You must use the xscmd utility to troubleshoot your multiple data center configurations. For more information, see Administering with the xscmd utility.

Procedure

  • [Version 8.6 and later]Problem: You must determine whether data replication is synchronized across container servers and catalog service domains.

    Solution: Run the xscmd -c showReplicationState or xscmd.sh -c showDomainReplicationState command. These commands display information about the status of replication in the environment. For more information, see Monitoring with the xscmd utility.

  • [Version 8.6 and later]Problem: You must check which catalog service domains are linked to your local catalog service domain.

    Solution: Run the xscmd -c showLinkedDomains command. This command lists the foreign catalog service domains that are linking to the local catalog service domain.

  • [Version 8.6 and later]Problem: You want to detect any configuration problems with your primary shard links to catalog service domains, without going through the entire output of the xscmd -c showLinkedPrimaries command.
    Solution: Use the -hc or the --linkHealthCheck option with this command. For example, xscmd -c showLinkedPrimaries -hc or xscmd -c showLinkedPrimaries --linkHealthCheck. The command verifies that the primary shards have the appropriate number of catalog service domain links. The command lists any primary shards that have the wrong number of links. If they are all linked correctly (for example, your domain is linked to 1 other domain, then all of the individual primary shards are expected to have 1 link), you get a message that indicates they are linked:
    CWXSI0092I: All primary shards for {0} data grid and {1} map set have the correct number of links 
    to foreign primary shards.
    If you discover problems, try some of the following possible solutions:
    • Review your network and firewall settings to ensure that the servers that are hosting container servers in the domains can communicate with each other.
    • Review the SystemOut and FFDC logs for the primary shards with the incorrect links for more specific error messages.
    • Close and re-establish the link between the domains.
  • Problem: Data is missing in one or more catalog service domains. For example, you might run the xscmd -c establishLink command. When you look at the data for each linked catalog service domain, the data looks different, for example from the xscmd -c showMapSizes command.

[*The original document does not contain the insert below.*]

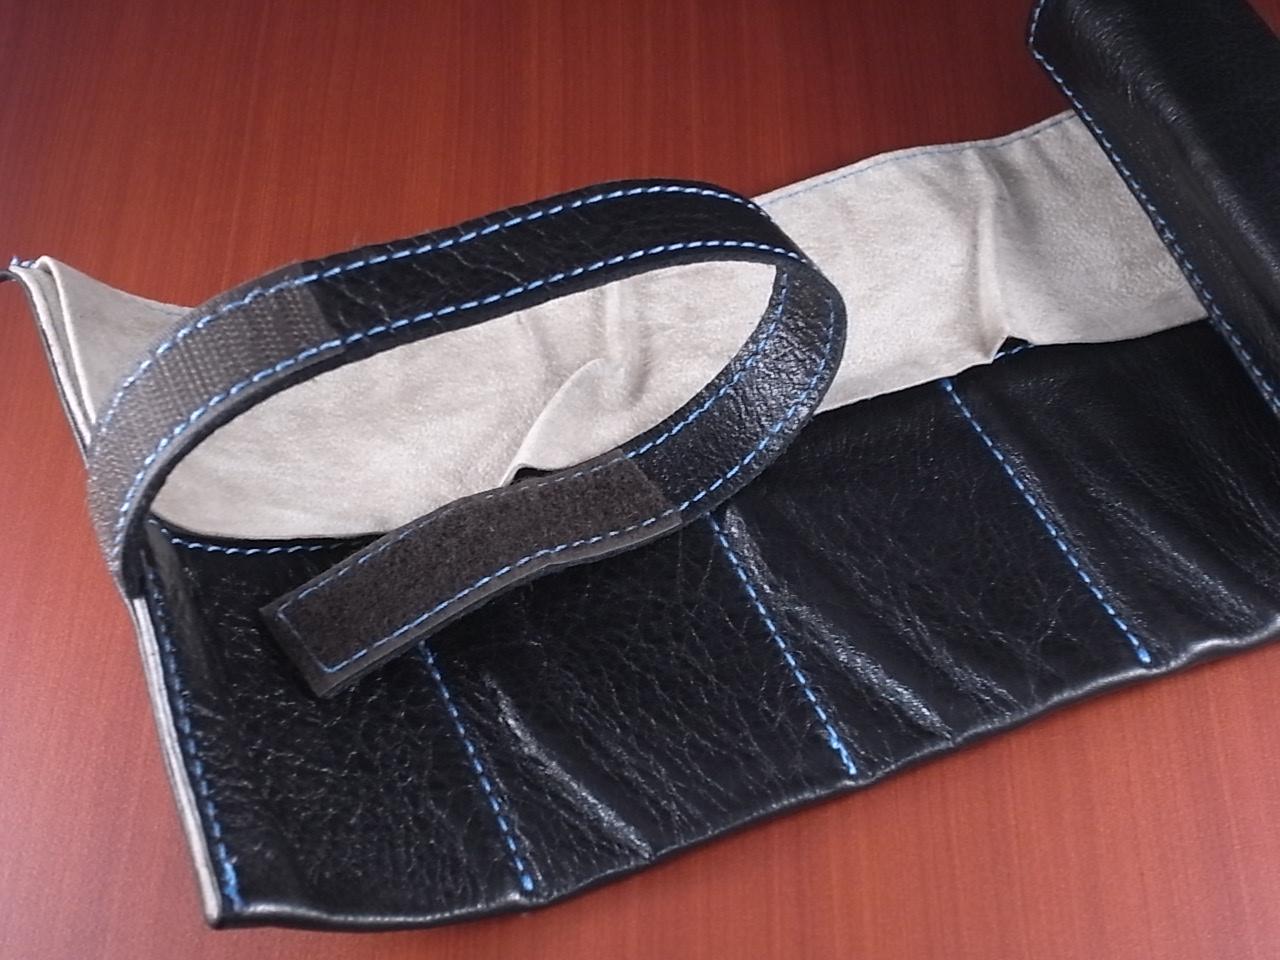 本革時計ケース 携帯タイプ 6本用 イタリア製 黒 青ステッチの写真2枚目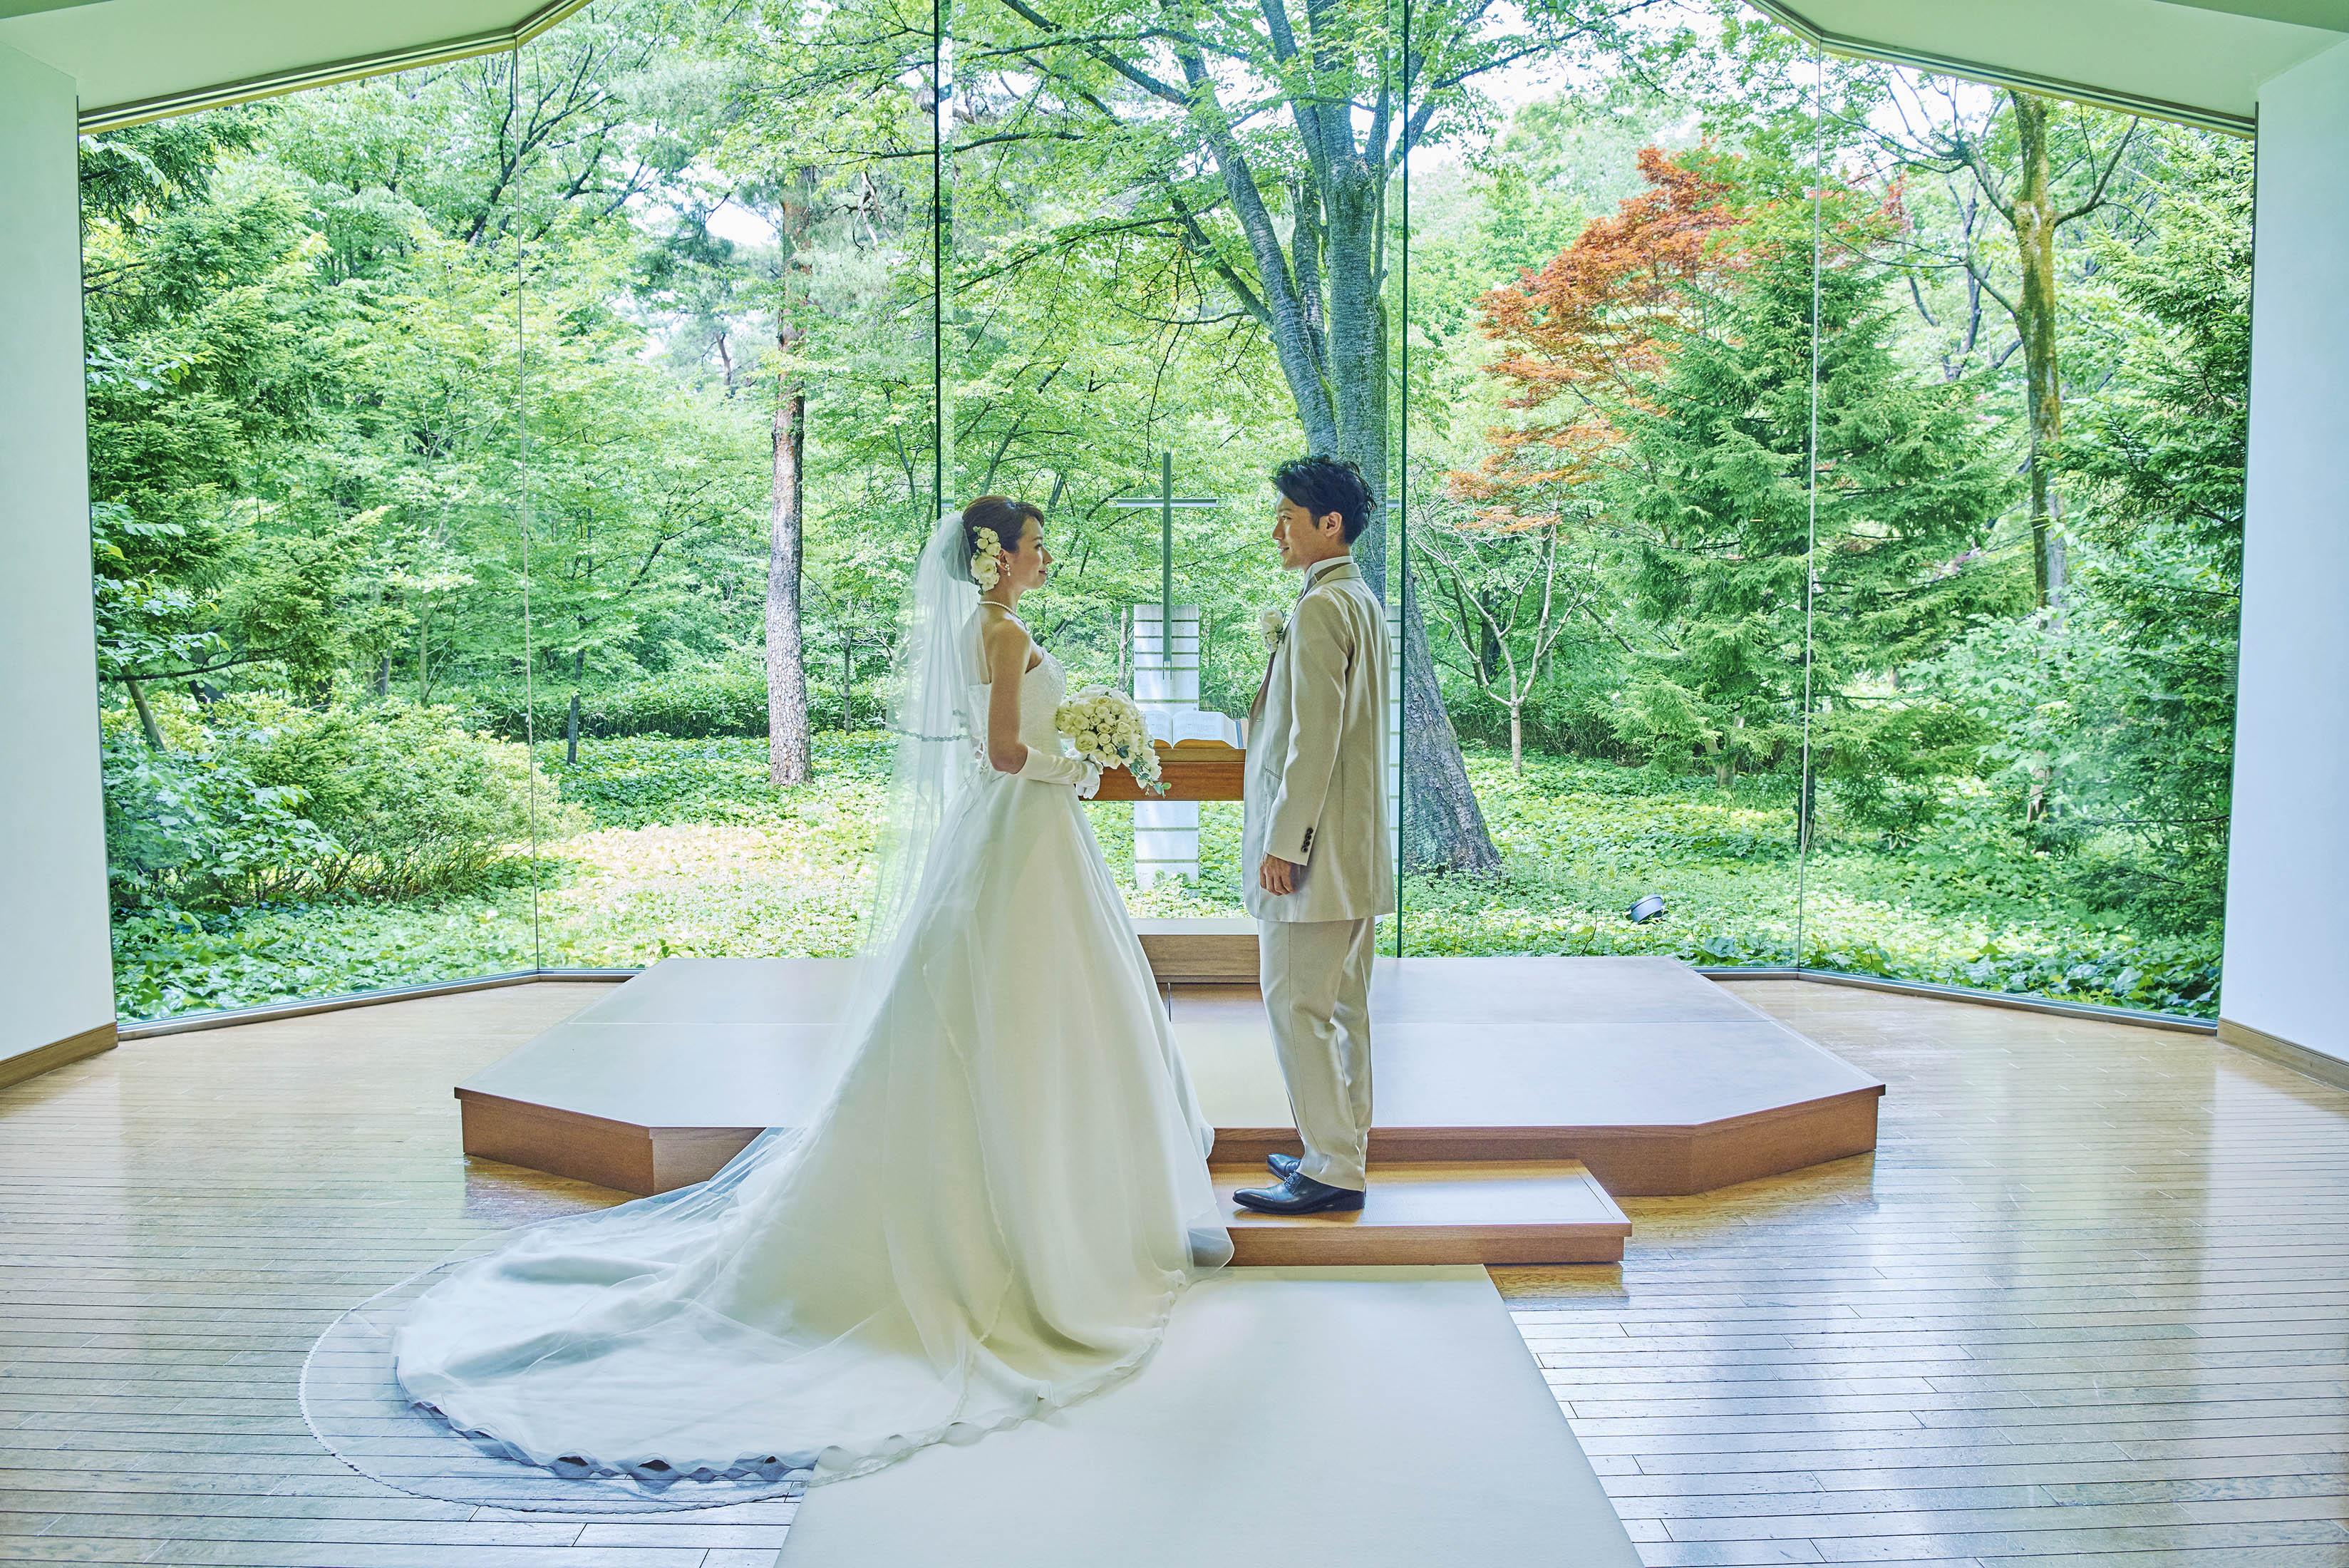 【東京】昭和館森林教堂婚紗拍攝

    Solution: You can troubleshoot this problem with the xscmd -c showLinkedPrimaries command. This command prints each primary shard, and including which foreign primaries are linked.

    In the described scenario, you might discover from running the xscmd -c showLinkedPrimaries command that the first catalog service domain primary shards are linked to the second catalog service domain primary shards, but the second catalog service domain does not have links to the first catalog service domain. You might consider rerunning the xscmd -c establishLink command from the second catalog service domain to the first catalog service domain.

  • Problem: The catalog service domains are not replicating data. The output of the command showMapsizes or showDomainReplicationState do not match between the catalog service domains as expected. The command showLinkedPrimaries shows links in the recovery state instead of the online state.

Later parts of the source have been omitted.